CN217087859U - Infrared amplification circuit, electronic equipment and infrared remote control system - Google Patents

Abstract

The utility model discloses an infrared amplification circuit, this infrared amplification circuit includes: power input end, infrared receiving diode, signal amplification module and infrared coding and decoding chip, wherein, power input end respectively with infrared receiving diode signal amplification module with infrared coding and decoding chip electricity is connected, signal amplification module establishes ties infrared receiving diode with between the infrared coding and decoding chip, infrared receiving diode is used for with received infrared signal transmission extremely signal amplification module, signal amplification circuit is used for right infrared signal carries out the amplification and handles, and will amplify the back infrared signal transmission extremely infrared coding and decoding chip. The utility model discloses infrared amplifier circuit aims at utilizing infrared amplifier circuit to amplify terminal equipment received infrared signal to improve terminal equipment and receive infrared signal's ability.
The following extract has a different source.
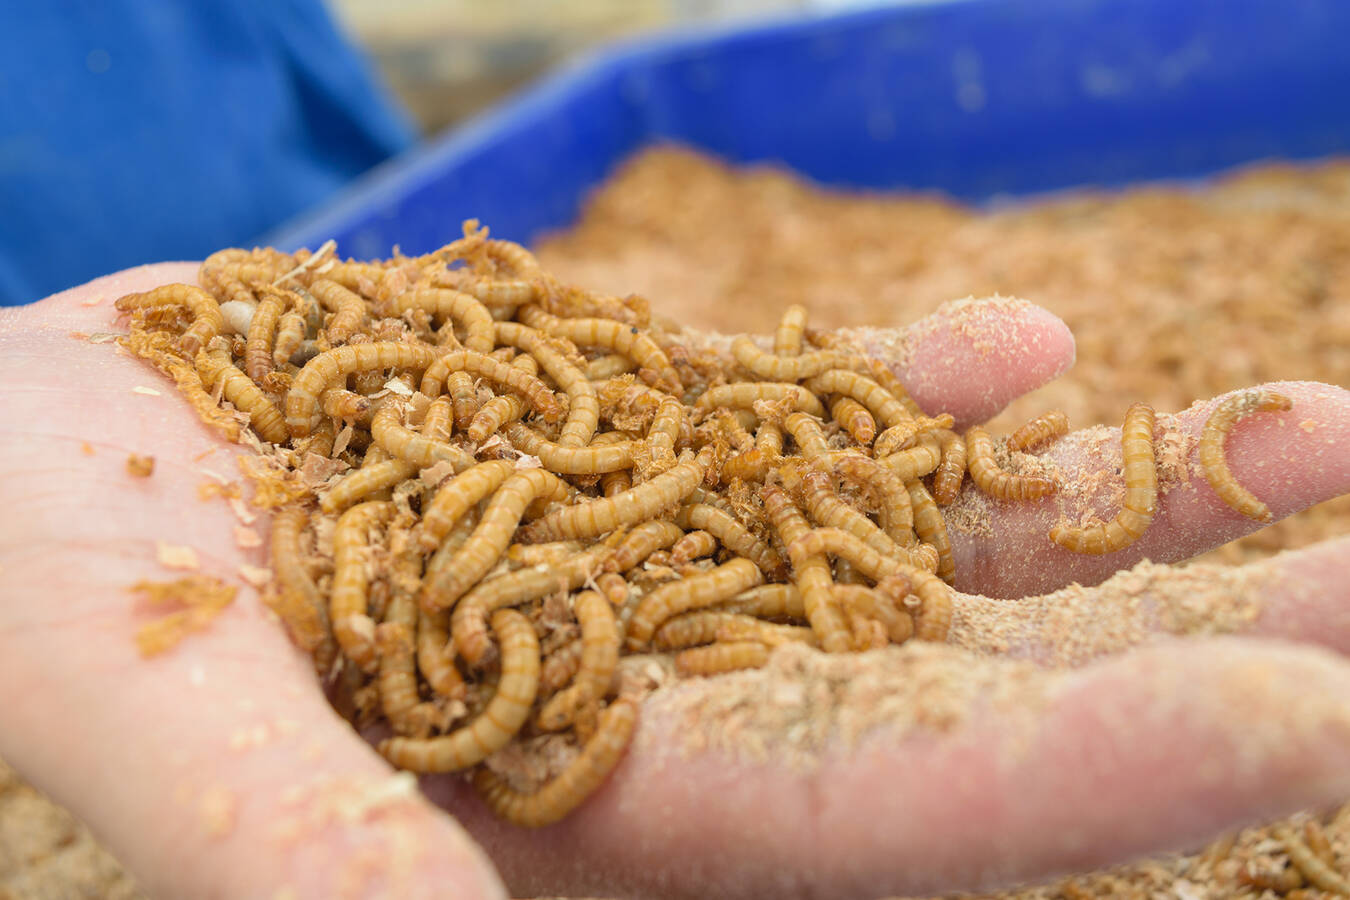 Klein aber fein: Mehlwürmer bei RHEWUM ganz groß In Zusammenarbeit mit Biologen hat RHEWUM eine neue Siebmaschine für die Klassifizierung von Mehlwürmern entwickelt. Der tierfreundliche Siebprozess birgt dabei spezielle technische Herausforderungen.

Furthermore, the utility model discloses still disclose an electronic equipment and infrared remote control system.

Description

Infrared amplification circuit, electronic equipment and infrared remote control system

Technical Field

The utility model relates to an infrared remote control technical field, in particular to infrared amplification circuit, electronic equipment and infrared remote control system.

Background

In today's intelligent electronic devices, infrared remote control has become a very basic function. In some infrared remote control scenes, one intelligent terminal device with an infrared function is used, so that key codes of a plurality of different infrared remote control devices can be intelligently learned, and different electronic devices can be controlled in a one-to-many mode.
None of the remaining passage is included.